The passer will pass it early to the cutter (on the cut) if he's not comfortable with the read the cutter is going to make if the passer holds the ball. On air time of a pass to the cutter, depending on his matchup the screener reverse pivots and seals (he's stronger than his defender) or cuts to the basket (he's quicker but not stronger), try to get a quick layup then move. Everything they do offensively is based on the match-up, know who you are and who is covering you.
The passer can hold the ball for a two-count if he has total trust in the cutter. If xcutter goes under the flare screen, the cutter makes a hard basket cut inside, forcing two defenders to play one.
The screener reads the situation, if he knows that the passer will hesitate and let the cutter make a read, there's no rush for the screener, he reads xcutter, it's not an automatic go to the basket.
They don't necessarily do this in their offence, but when they run sets late in games with the players he wants.
If xcutter goes over the flare screen, the cutter flares then makes a hard cut backdoor.
A lot of defenders will try to gamble and stay in the passing lane trying to get a steal.
In a game situation ( 5 on 5), the point guard must make the pass to the side of the floor the cutter is coming from.
Ideally he wants guys going to the basket even when they flare, hesitate, make a read, and make a backdoor or basket cut based on what the defender does. He doesn't like a pass and shot on the flare, it's a soft way to play.
If the defenders don't switch, you should be getting something good out of a backscreen.

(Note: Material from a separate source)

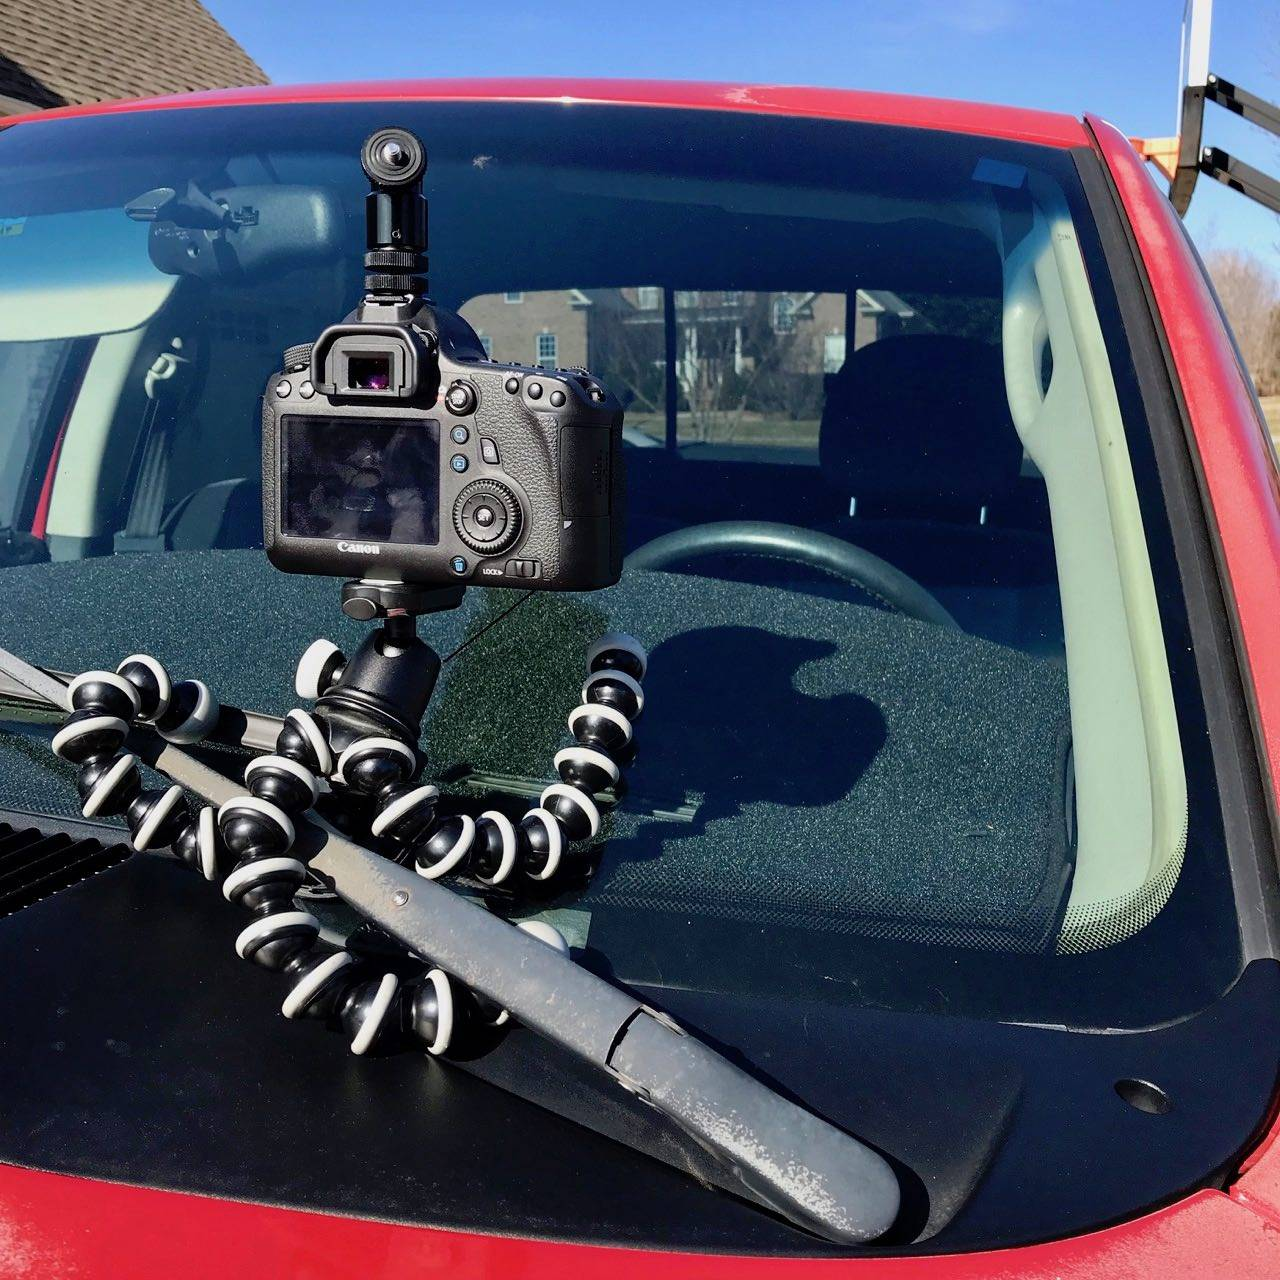 GorillaPod wrapped around vehicle's windshield wiper.

On a post to guard backscreen, the defence wants the post on the perimeter, forces the cutter backdoor, the xscreener sags and cheats baseline to help because the screener can't shoot from outside.
The offence turns it into a flare situation (don't go where you are useless). The cutter first cuts hard towards the middle as though his defender had jumped to the ball, then uses the flare screen, the passer hits him on a one-count (not waiting for a late pass on a basket or backdoor cut, since that would get the post on the perimeter). The screener posts up.

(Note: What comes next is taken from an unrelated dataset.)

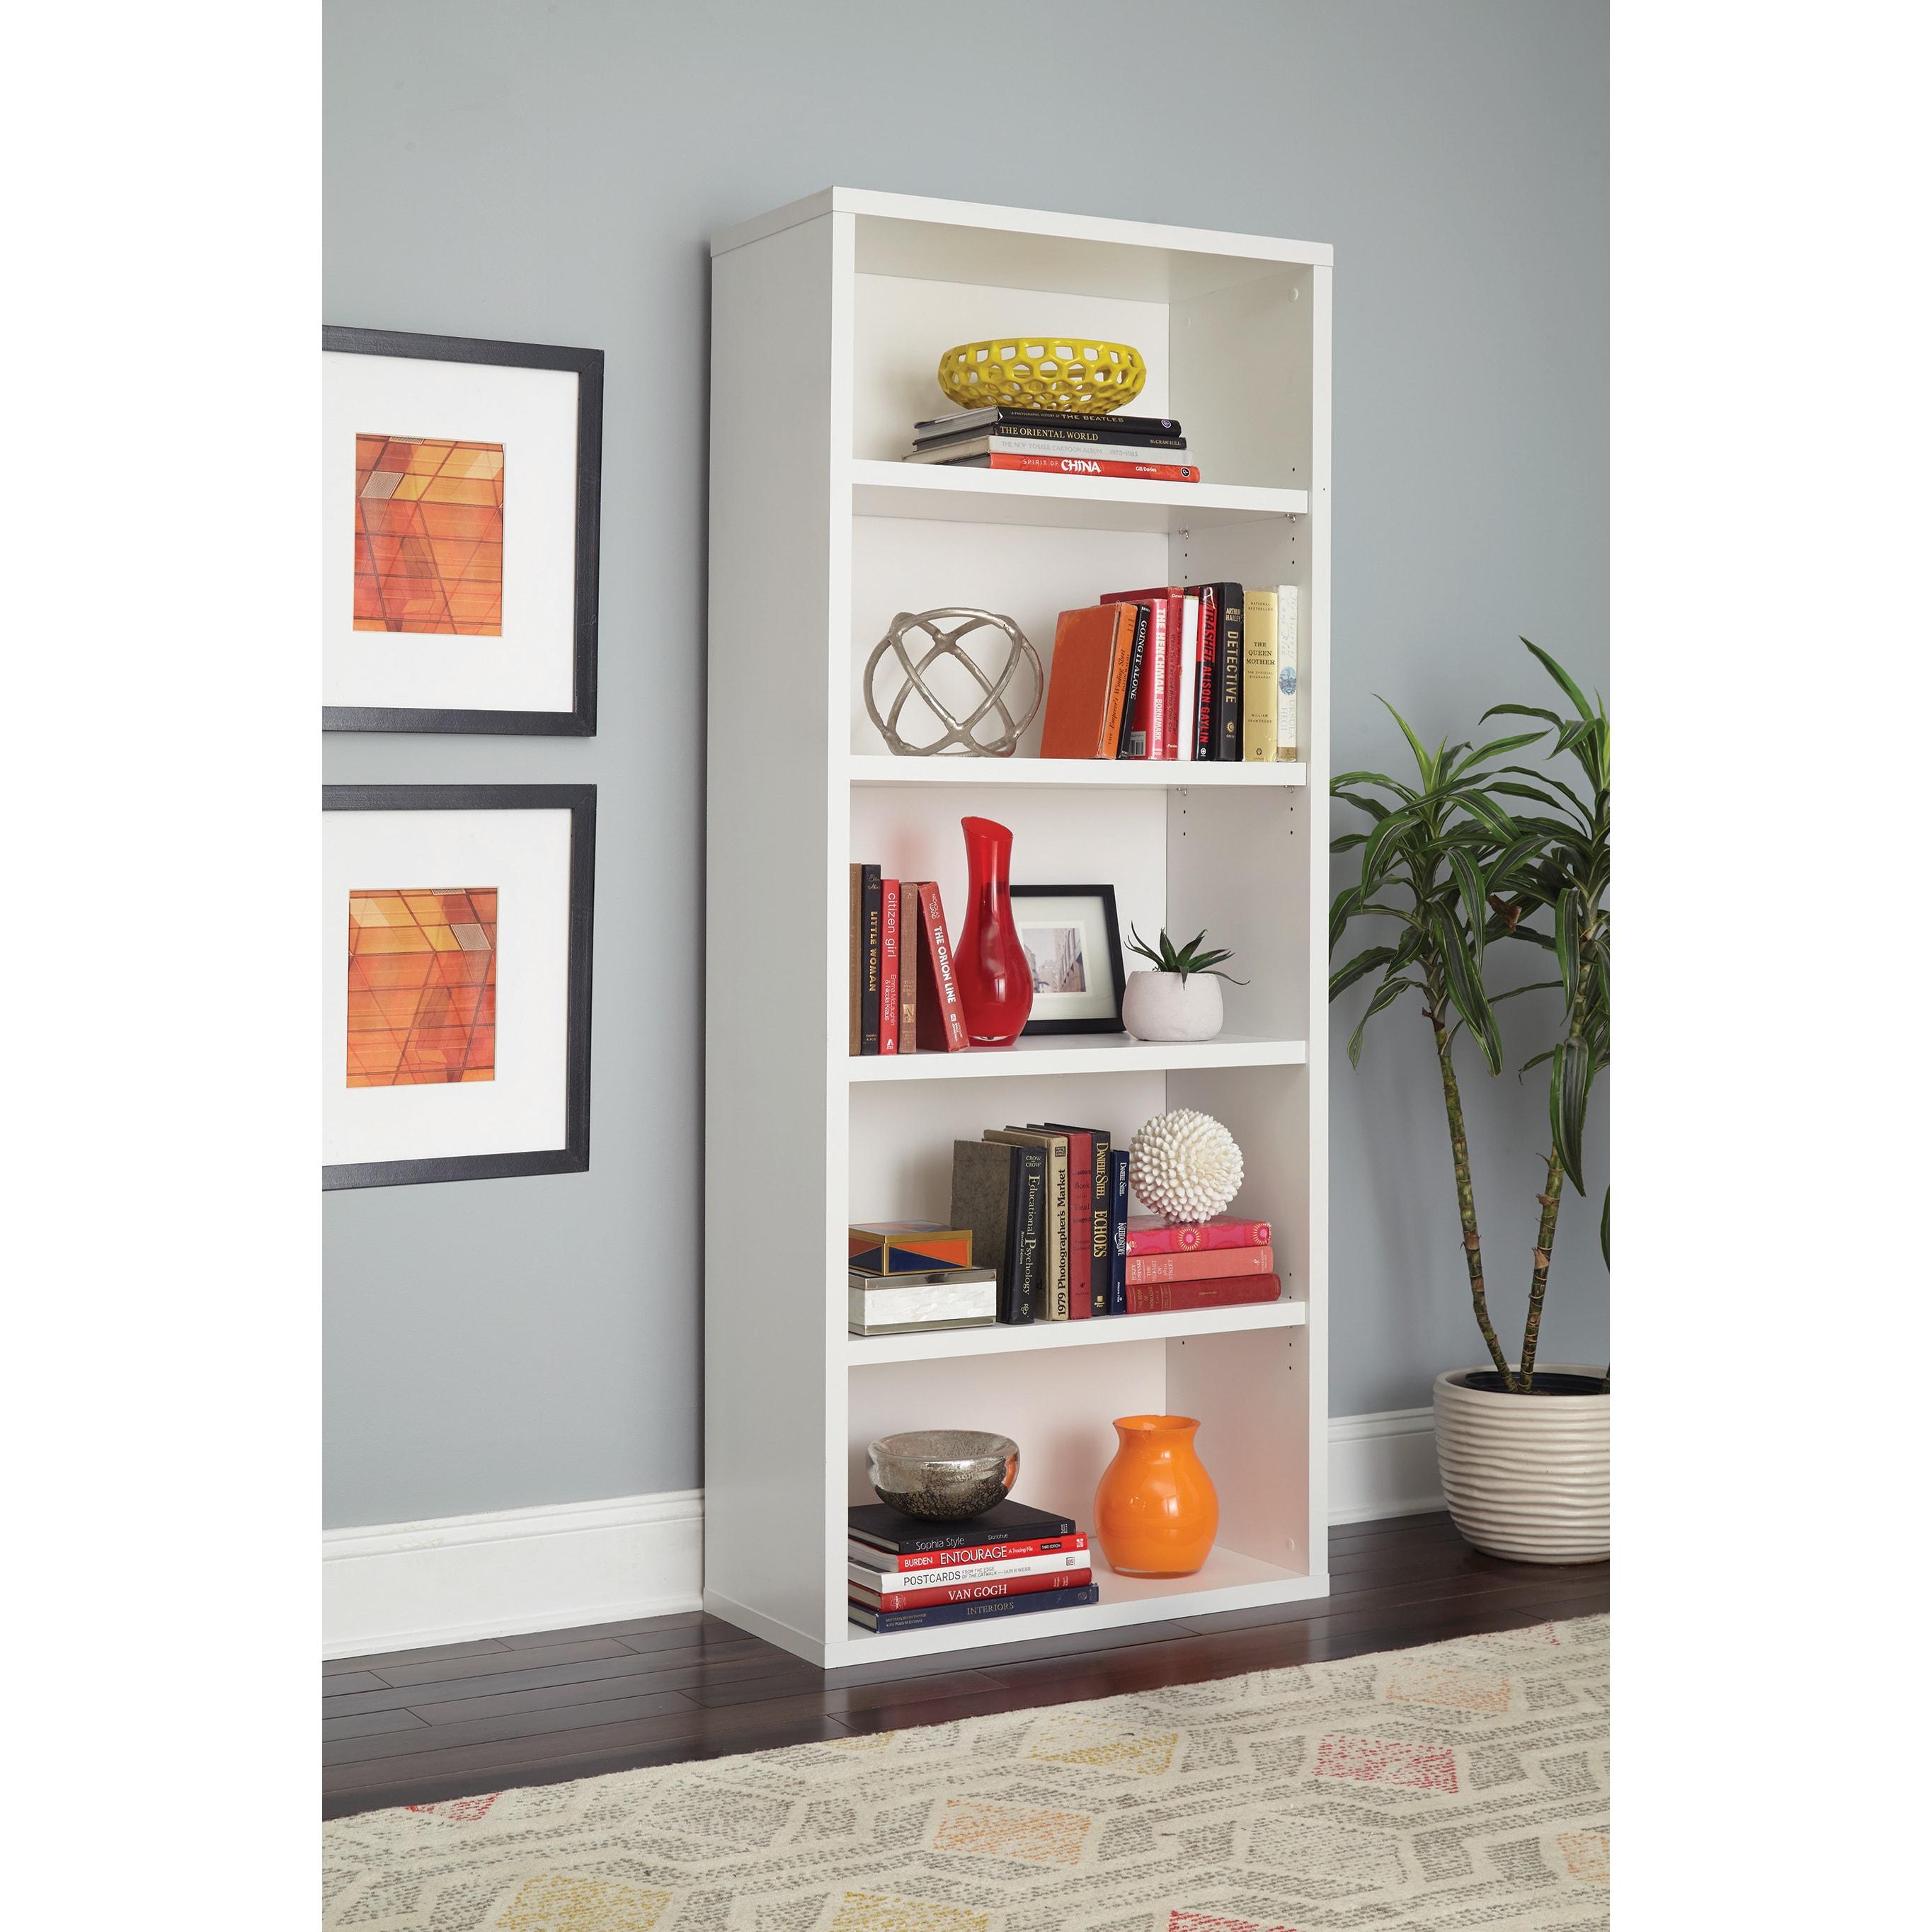 Closetmaid Premium White 5-shelf Adjustable Bookcase (Whi...

The passer still looks at the screener first, anytime his defender cheats baseline it's a straight slip on eye contact with the passer.
The xcutter jumps to the ball and the defenders come together to prevent a slip by the screener. The screener readjusts to set a flare screen, thinking the defence is forcing a flare.
The cutter gets to the screen and sees xscreener stepping up, instead of the flare he makes a hard cut to the basket (the block) then triangles out, right away the screener slips hard to the rim to sit and seal on a mismatch, or to beat the defender to the rim if the screener is quicker but not as big or strong.
Set ballscreens if you know the other team switches every screen.
Even if the defence does a good job of switching you get mismatches where you want them. You get a mismatch then a close-out big on little (especially if X5 stays to defend a slip by the screener), or a post up with the ball entered from the point guard at the top (Carleton enters from the top 80% of the time). Ignore the 3-point line, go inside to the mismatch.
Most of Carleton's screens are little to big.
Attackers can cause confusion even on same-size screens (triangle it).
They don't mess around with running offence if teams are going to get up the line and deny everywhere. He doesn't care what they do offensively so long as the ball gets to 8 feet, and you've got a problem if one of your main ballhandlers has the ball in the middle of the floor and can't get the ball to 8 feet. They take it away by not dribbling up top with anybody who doesn't have a match-up, it just zones everything up. They don't have a point guard, it depends on who you put on his guys.